UK car production fell by 7.6 per cent in the first six months of the year, as manufacturers retooled their factories towards electric vehicle production. According to the Society of Motor Manufacturers and Traders (SMMT), factories turned out 416,074 new models, 34,094 fewer than in the same period in 2023. The fall in overall car production was driven by a significant decline in exports, while the number of cars produced for the UK market actually expanded by 17.7 per cent year-on-year to 106,157 in the first six months of 2024. Cars produced for export fell by 13.9 percent to 309,917 vehicles. – The Times

US close

Wall Street stocks closed sharply lower on Wednesday after investors got their first taste of Q2 big tech earnings overnight and thumbed over a number of data points.

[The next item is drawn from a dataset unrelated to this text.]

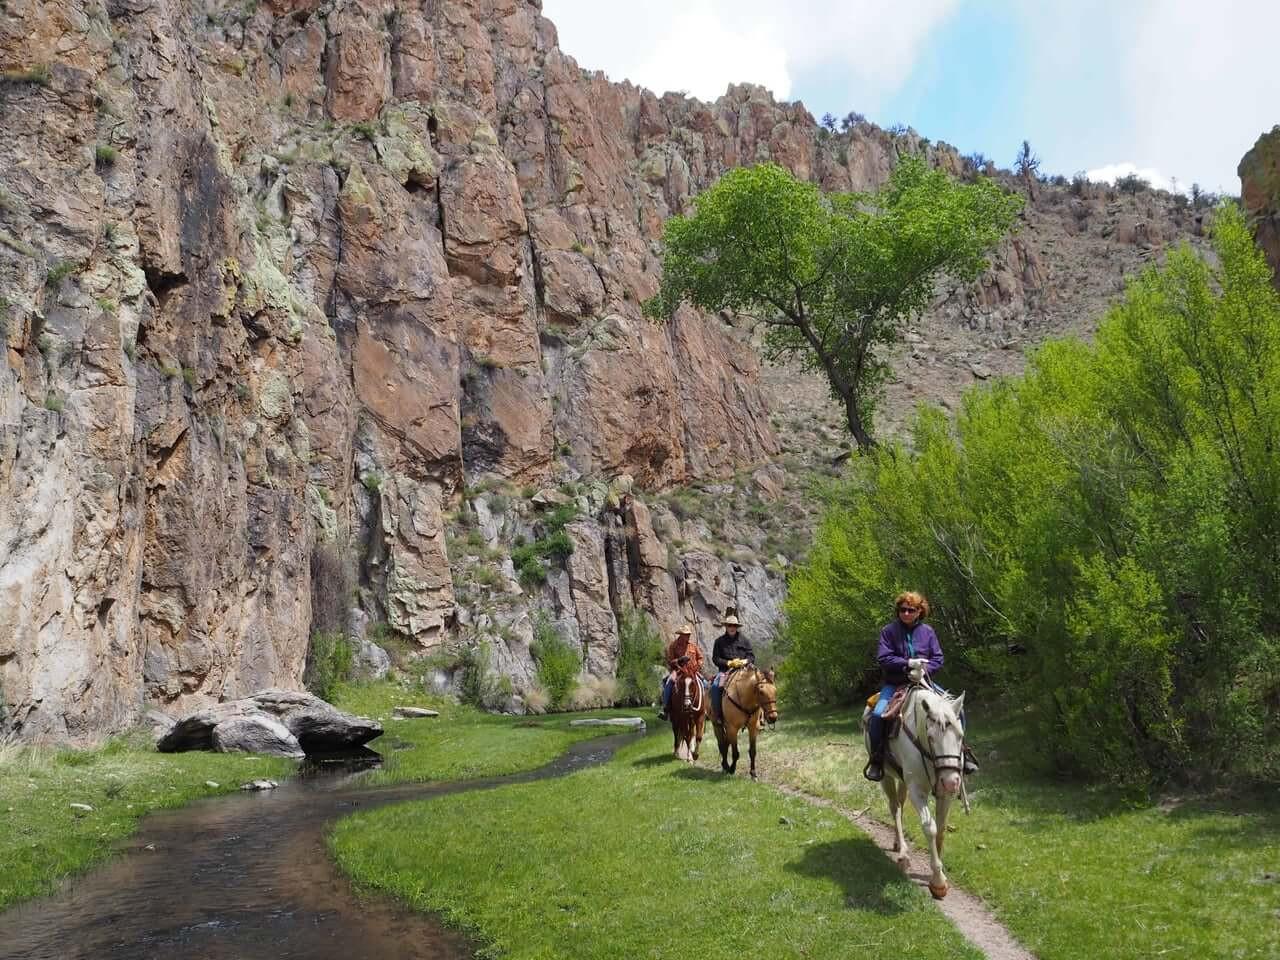 trail_riding_41-1.jpg
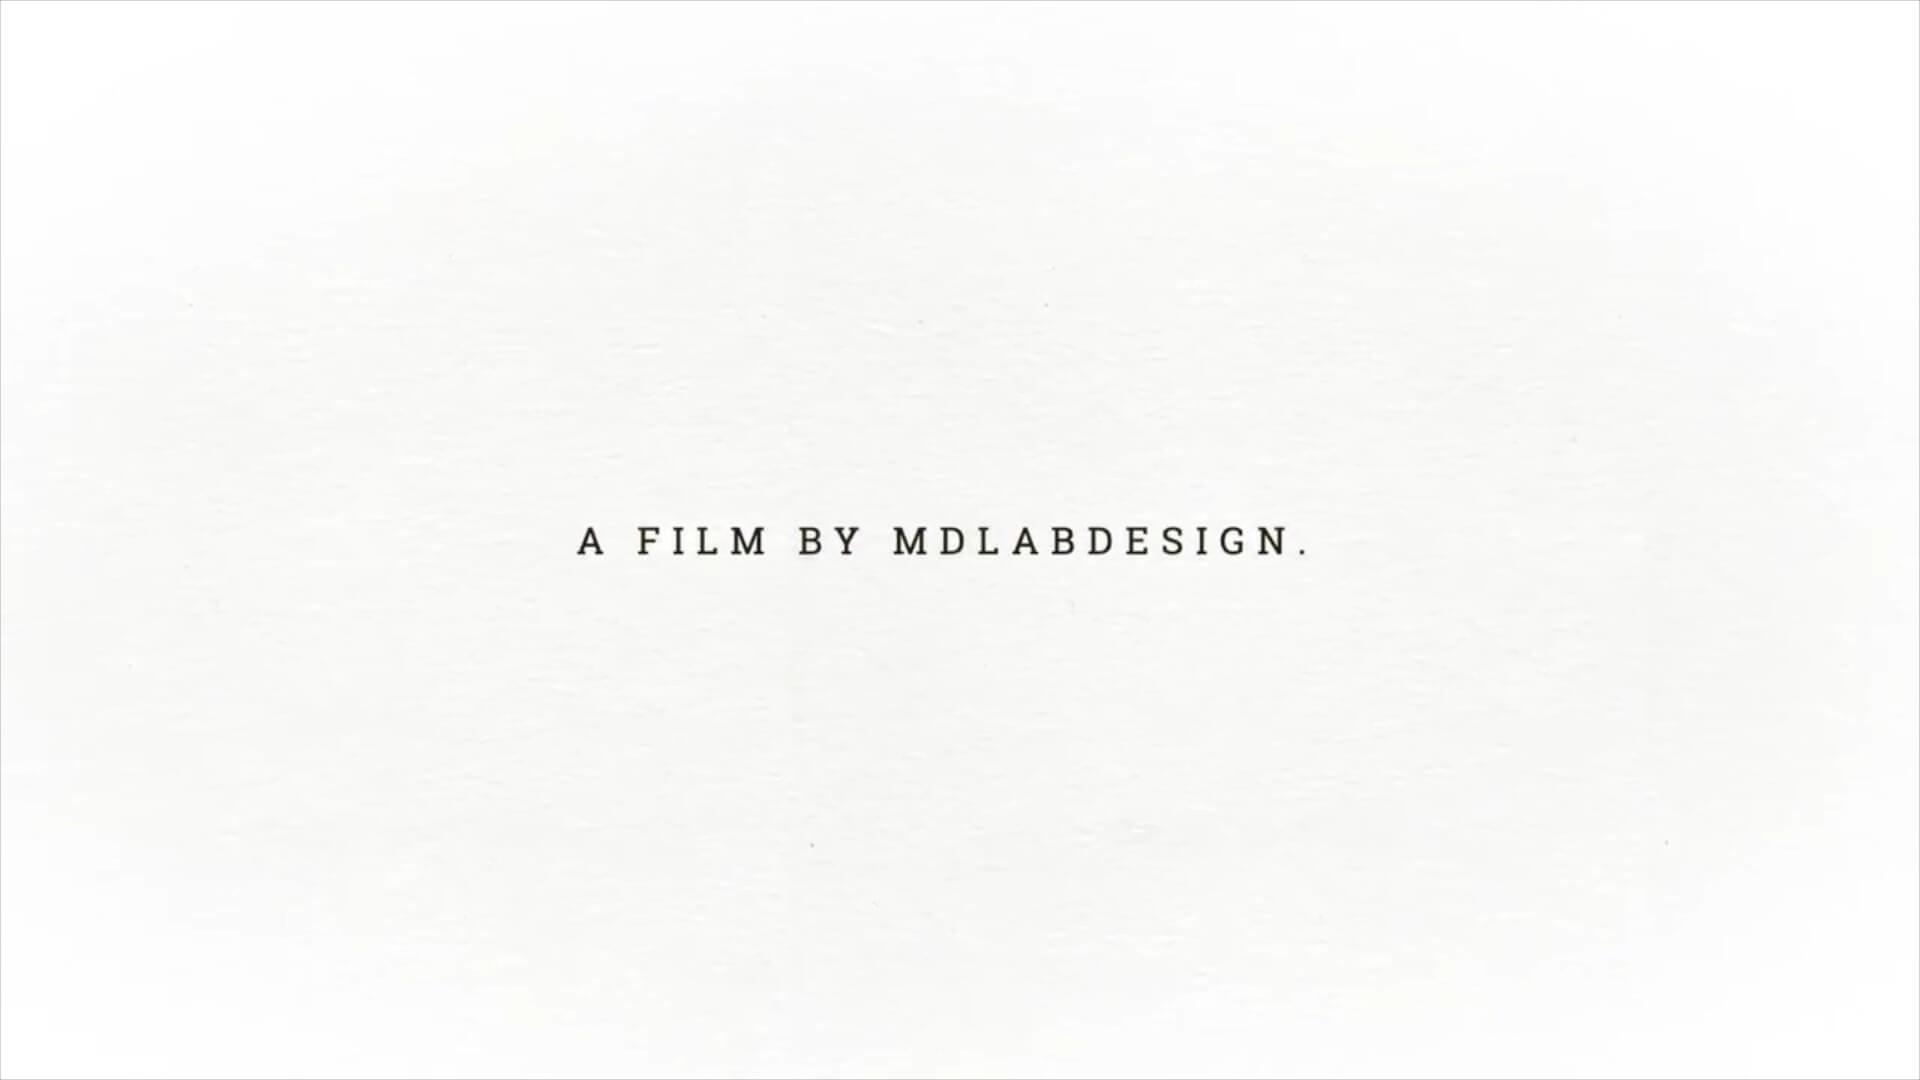 Fcpx主题插件 电影开场序幕演职人员故事梗概模板 Cinematic titles

At the close, the Dow Jones Industrial Average was down 1.25% at 39,853.87, while the S&P 500 lost 2.31% to 5,427.13 and the Nasdaq Composite saw out the session 3.64% lower at 17,342.41.

The Dow closed 504.22 points lower on Wednesday, extending losses recorded in the previous session.

Google parent company Alphabet met expectations with its latest quarterly earnings report after the close but YouTube advertising revenues fell short of estimates, while electric carmaker Tesla's quarterly earnings nearly halved as a 7% year-on-year drop in revenues and price cuts put pressure on profits.

On the macro front, US mortgage applications fell 2.2% in the week ended 19 July, according to the Mortgage Bankers Association, trimming the previous week's 3.9% increase.